Heloísa admite que passou o primeiro mês reclamando com o fab manager que pagou caro pelo curso e não estava aprendendo. “Demorou um pouco para eu entender que temos que pensar de maneira horizontal e ver que o professor não tem resposta para tudo”, conta. Aliás, muitas vezes a resposta está com o colega. “O maker é uma pessoa que, independentemente de título, tornou-se um expert naquele tema, e quer compartilhar o que aprendeu”, explica ela.
A maker revela que o foco dos fab labs é inovação na área social e educação. “Mas ele não é um espaço para criar produtos complexos e sim acolher pessoas." Em suas viagens, ela percebeu o grande alcance dos fab labs também na Holanda, nos Estados Unidos, e na França e ressalta que, no Brasil, o alcance ainda é limitado principalmente a estudantes de faculdades de arquitetura, design e engenharia. “Está muito elitizado ainda, dá para ampliar”, garante.
Educação por projeto
O Garagem abriu as portas em 2012 como o primeiro fab lab independente do país.
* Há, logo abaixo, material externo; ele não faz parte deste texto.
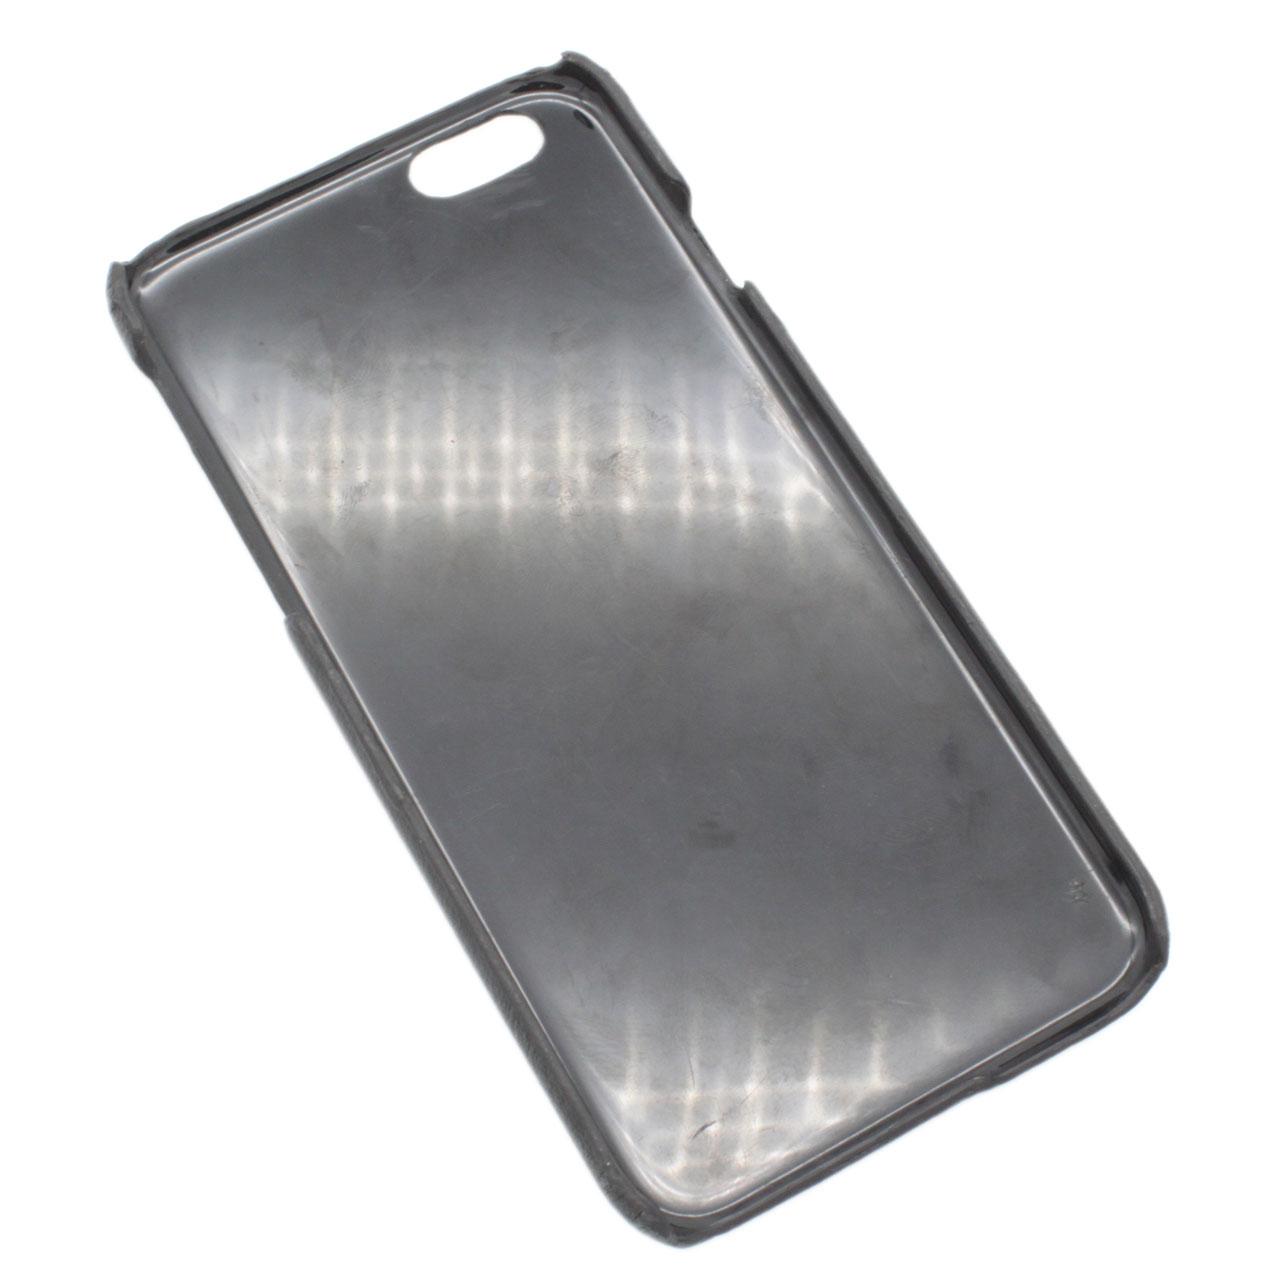 Ốp Lưng Iphone 6/6s/7 Da Bò B1061a

Em 2015, a Associação Garagem Fab Lab se mudou do centro de São Paulo para o bairro de Barra Funda, com foco em se tornar um espaço construído pela comunidade. Sem vínculo ou financiamento de nenhuma instituição, o espaço sem fins comerciais conseguiu recursos para reforma por meio de crowdfunding. Todos os móveis do laboratório foram feitos pela CNC, uma fresadora (máquina guiada via computador) capaz de fazer peças maiores. “A própria CNC foi construída aqui, por um arquiteto e um químico, e também temos a nossa própria impressora 3D, feita por mim, que sou designer de produtos e por um amigo fotógrafo”, conta Tauan Bernardo, diretor do Garagem.
Ali, a regra do “faça você mesmo” atrai pessoas curiosas e autodidatas, que pagam um valor mensal para utilizar o espaço ou participar dos cursos. E não há barreira para o acesso à tecnologia. “O conjunto de máquinas é adequado para pessoas que não têm conhecimento técnico”, afirma Tauan. O espaço recebe muitas crianças, especialmente para os cursos de programação e robótica.
“Somos bastante requisitados por empresas e instituições de educação para trazer o movimento maker para dentro da escolar”, conta Tauan. Essa experiência fez com que o Garagem montasse um grupo de estudos para entender como a educação pode interagir melhor com o movimento maker. “Trabalhamos com a ideia de educação por projeto, bastante difundida nos Estados Unidos e Europa”, afirma. Trata-se de uma metodologia de trabalho educacional que tem como objetivo a construção do conhecimento em torno de metas definidas previamente por professores e alunos. “Para realizar projetos, os estudantes precisam aprender as disciplinas”, conta Tauan.